Fish are not responsible for my modest misfortune or the much greater devastation still impacting families across Los Angeles every hour — not to mention those in other parts of California, other states and other countries who’ve all lost homes or, unthinkably, loved ones to wildfire. It’s a mix of circumstances, some inevitable and many preventable but ignored, that come with living on this planet that seems intent on entering the cosmic transfer portal. 

Almost all evidence of our home’s existence is gone, save the growing text record of hundreds of messages of concern, condolences and offers to help — and my grateful responses, each one punctuated by jokes and deflecting. It’s bad enough that I feel like crap, no need to bring anybody else down with me.

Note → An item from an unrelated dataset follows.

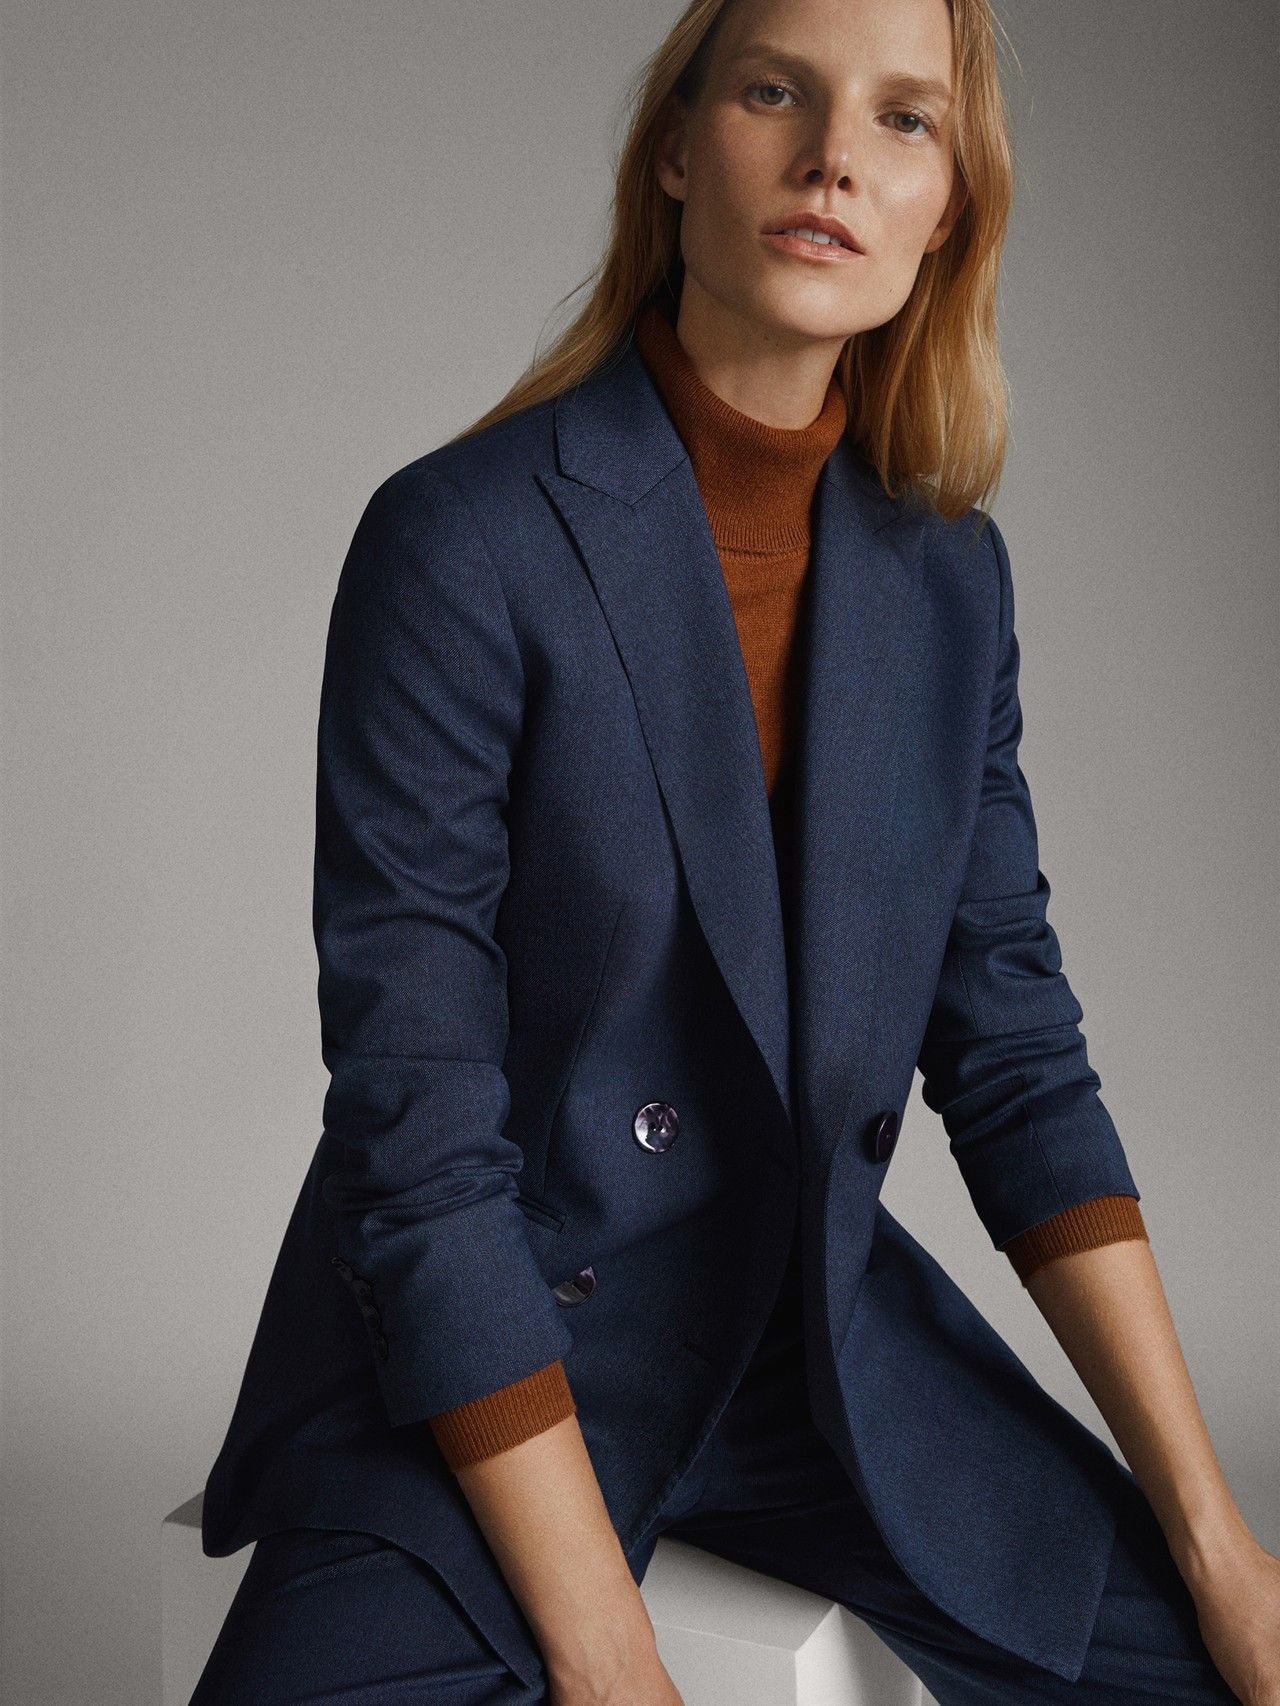 Massimo Dutti Mujer Americana Denim Lana Marino Azul Marino 38 Blue Blazer Women Navy Blue Blazer Women Blue Blazer Outfit

Altadena as seen from the White City Ruins hike, because what’s the point in exercise if you don’t document and share? Mikey O’Connell

And that’s part of what’s so tough to digest in all of this. My brief tenure in Altadena was marked by an unflattering shift in personality. I’ve spent too much time letting concerns about money pickle an otherwise dream of a life. This is a universal issue, but it is particularly prevalent in L.A. where so many of us constantly compare ourselves to those who have more money, bigger homes, cooler ZIP codes and, at least ostensibly, better careers. I worry about how an increasingly obvious wealth gap colors my longest and dearest relationships. In reality, none of the countless people now reaching out — and helping in ways that are redefining my idea of generosity — have ever considered it.

My friends didn’t care that Amir and I rented an apartment owned by his dear and generous parents. But I took my misplaced insecurities out on that apartment. I complained about not having a yard. I complained about the lack of natural light on the first floor. I complained about all of Altadena’s inexplicable leaf blower fetish. And sweet baby Jesus did I complain about my commute. I’d bitch about its flaws more than I’d admit that, despite all of them, I loved our home and the unincorporated area around it. 

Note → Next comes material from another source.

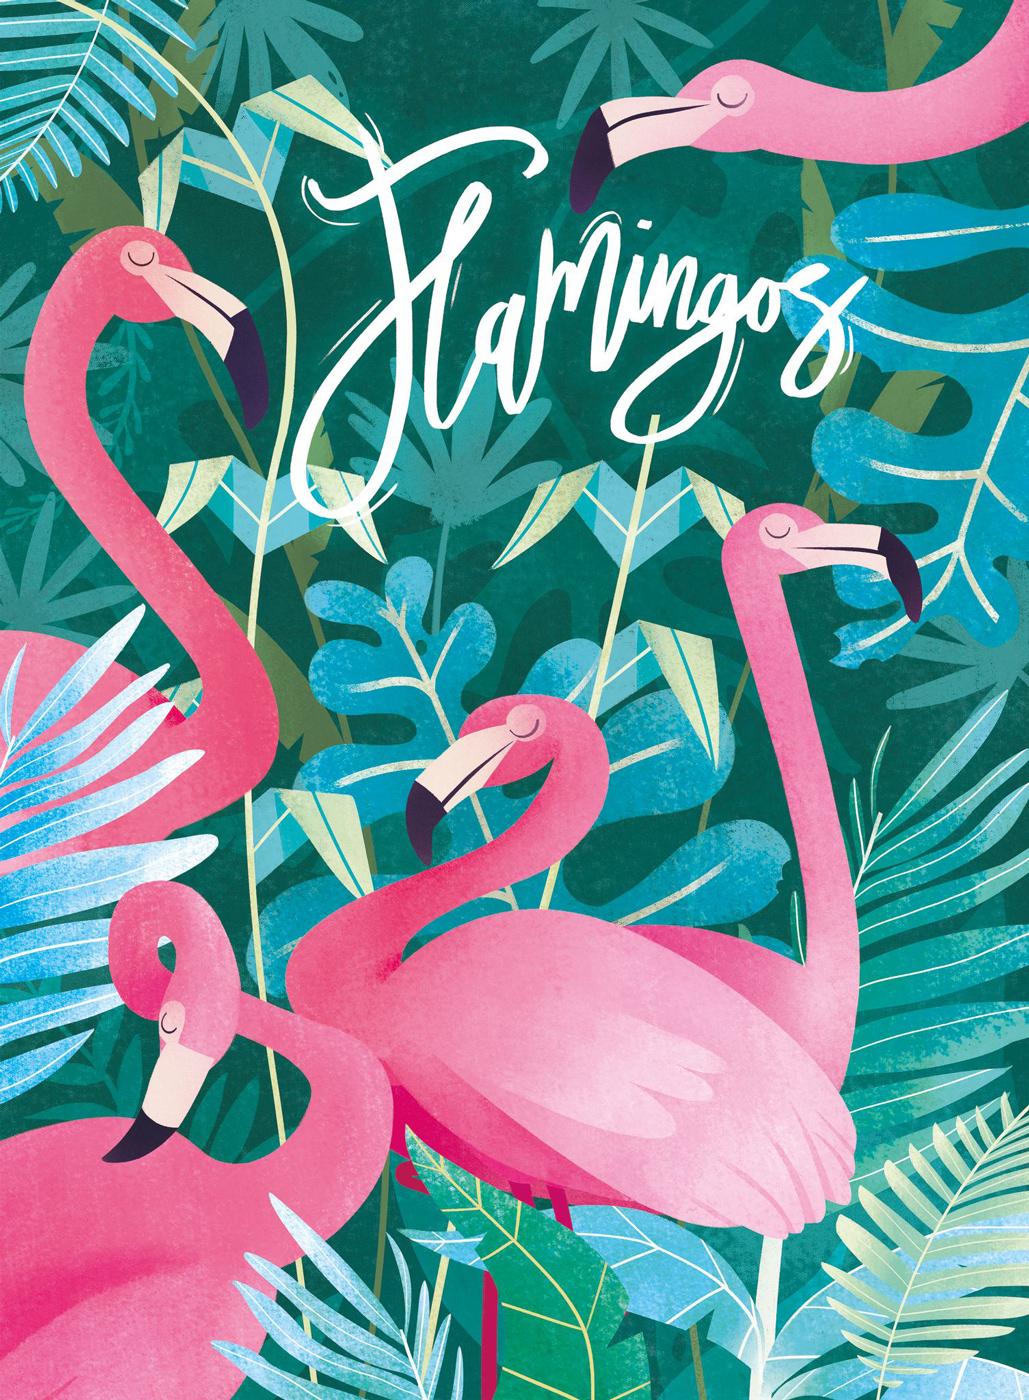 Flamingos Birds Jigsaw Puzzle

The Sunday before the fires, packing away Christmas decorations, I really considered my affection for that apartment. I loved that it’s where we hosted Thanksgiving every year, that our friends so often drove from their bigger, more conveniently located houses to share a meal. Even after the most exhausting treks home from the office, the airport or the beach, I was only ever grateful and happy to walk through its door.

At some point, I’ll drive back and sift through what remains, looking for some artifacts of a previous life like the countless others I’ve seen do the same on the news for time immemorial — though I’m not sure what I hope to find. My late grandfather’s ceramic ashtray. The pants that haven’t yet shown up on my American Express statement (and will be out of fashion by summer). A thumb drive clogged with grainy photos from college. The damn rice cooker. Individually, none of these are worth my tears or a whole lot of my time. 

I’ll remind myself of this whenever I second-guess what little I took with me or the extra hours I could’ve spent packing. No lost material possession meant anything on its own, and that shouldn’t change just because they left me en masse. I’ll think about how much I loved that home and how lucky I am to know there’ll eventually be another one to love after it — maybe even in inconvenient Altadena. And the first time this strategy inevitably falters, I’ll head back to the theater, watch that CGI chimp sing and have a good cry.